John knew that he, too, would die a thousand miles from home. He had more to hope for than an old age of sleeping rough and begging for manuallabor jobs. But the conversation with the wanderer led him to assess his life. John had lost four of his six children, and he was a widower twice over. Yet he admitted that he was much better off than, for instance, Job. Each of his own wives had been “worth a cowpen full such as” the complaining spouse who had burdened the Old Testament figure. And perhaps Julien’s second bride would be better than the first. John hadn’t heard from Julien in months, but he was on his way. After the worst of the legal storm blew over, the younger Devereux had returned to Alabama to pick up several dozen slaves who had been stashed on an ally’s place since 1841. Now, on March 20, “about 12 o’clock,” a white employee arrived with “three wagons and the negroes from Montgomery,” and John relished both their “excitement at meeting with the Negroes here and Julien’s letter giving information that he had sold out and all was coming.” Even better, the letter told “of the birth of a son.” The news “operated powerfully on my sympathies,” John wrote. Tears choked the old man. Julien, remarried, now had an heir of his blood, and thus John did as well. A new generation of enslavers was emerging.

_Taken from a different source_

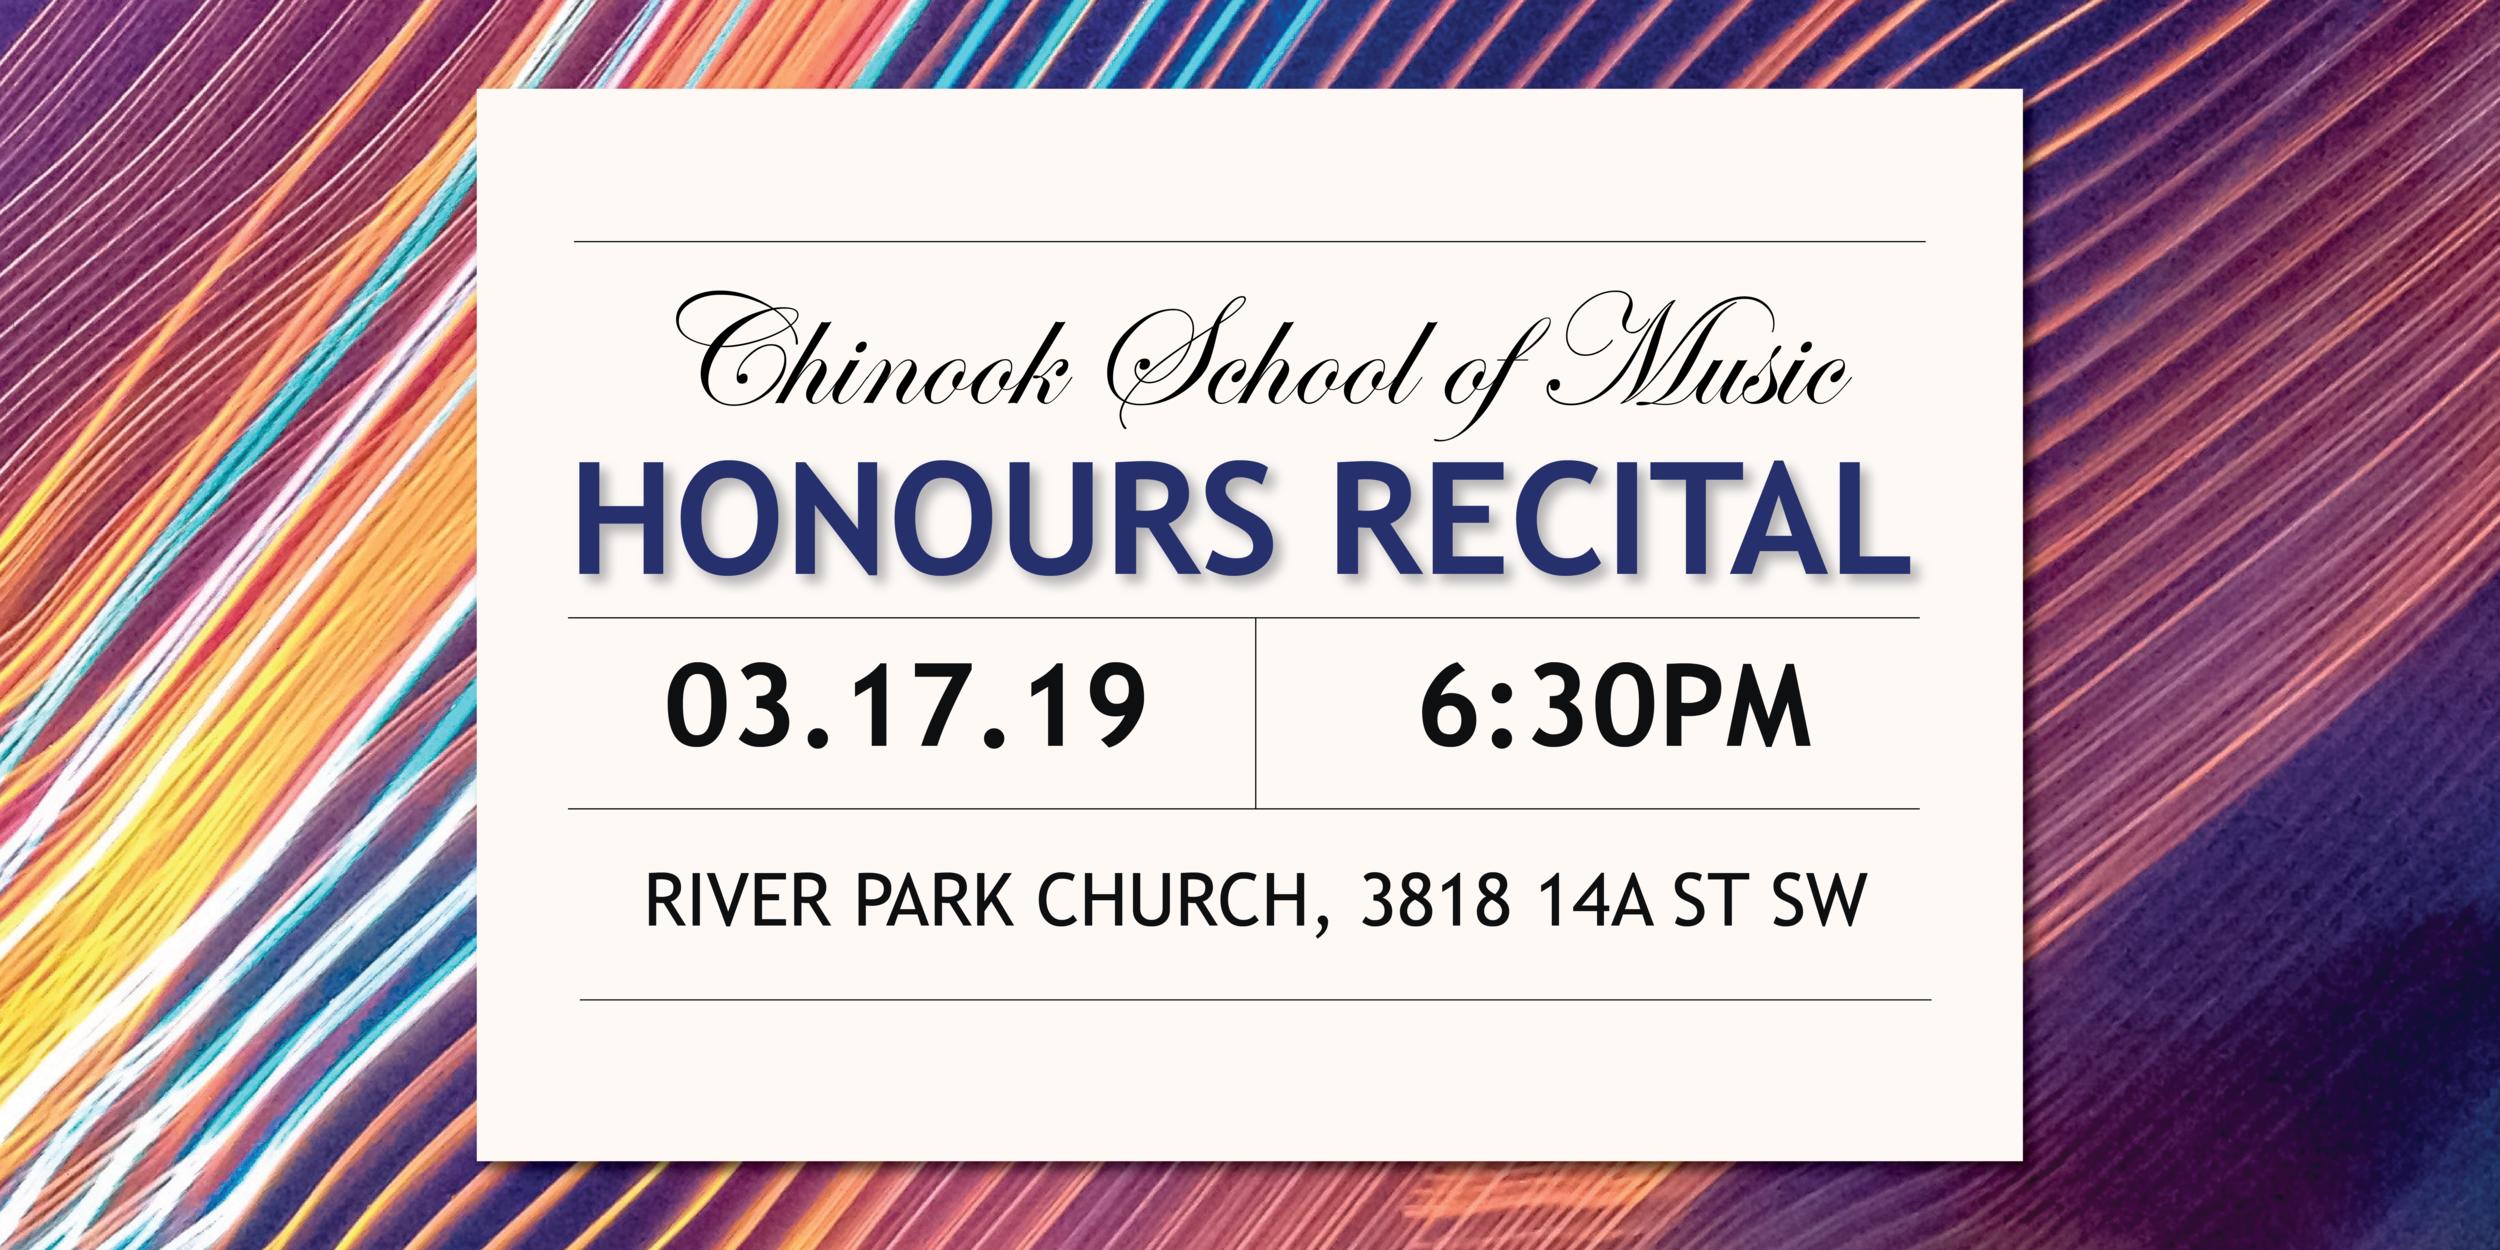 Student Honours Recital

Just a few days more, and Julien arrived. Overseer, three other employees, Julien, and John: six white men were now at the new house, where only a few months ago there had been none but the old man. All day and into the evening, the slaves worked the raw East Texas soil around the new cotton shoots. The United States had stretched its borders to incorporate these acres, these white men, and their property. Slave prices were climbing. With the promise that the US government would fund Texas bonds, surely credit would pump again through the veins that oxygenated the endeavors of southwestern entrepreneurs. Further southwest, cannon boomed and men marched, pushing the border onward. Here, a woman set supper out. All six men sat down to eat, “which,” John noted, “filled all our chairs and table.” The world had come right side up again.

 

 

BACKS

1839-1850

 

THE GIRL GIGGLED IN her pew, looking back at seventeen newly emancipated Louisianans, frozen in the church entrance. Mid-step between the doorway and a sea of staring faces stood Anna and her four children; Sarah and Frankey, both eleven, no parents; Betsy and her son; Maria, Margery, and their daughters; Little Sam; Jose; Rose; nine-year-old Amos. The big red turbans the women wore had been stylish decades ago in New Orleans, when they’d been sold. Now they screamed country and slave to the Boston streets.1

A hand tightened on the knowing girl’s arm, jerked down, pulled her around to face the pulpit. She needed to remember. Here at Unitarian King’s Chapel, on Beacon Street, she was also a visitor— black Bostonians usually spent their Sundays elsewhere, such as the new A.M.E. church. The day’s assigned lesson was solidarity. Like many of the other visitors in the pews, her mother was what we’d today call an activist. She might have been at 1843’s huge Faneuil Hall protest meeting, two years earlier. Slave-catchers had come up to Boston in disguise. They had found George Latimer, an escapee from Virginia slavery. He and his wife, Rebecca, were living like free people. The kidnappers had seized the Latimers and thrown them into the Boston jail. But word had gotten out, and soon three hundred free black men were surrounding the Boston courthouse. Their aim was to keep George and Rebecca there until the meeting at Faneuil could raise $600. Eventually, George’s Virginia owner decided that taking the money and making out George’s manumission papers might be his best option.

Like these seventeen, many of the other African Americans in the church had also been adjusting to Boston. Some were runaways. Others had been forced to leave the South by laws that were designed to make life unbearable for free people of color. They were all in their way forced migrants, driven by slavery’s expansion, driven to a place that they had built. If these newest Bostonians looked up in wonder at King’s Chapel’s austerely magnificent vaults, which soared like white wedding cake from pillars to roof, and if they felt intimidated by the rich variety of clothes on the congregants— clothes unavailable on the backwaters of the Attakapas—the migrants had nevertheless spent their lives constructing exactly this world.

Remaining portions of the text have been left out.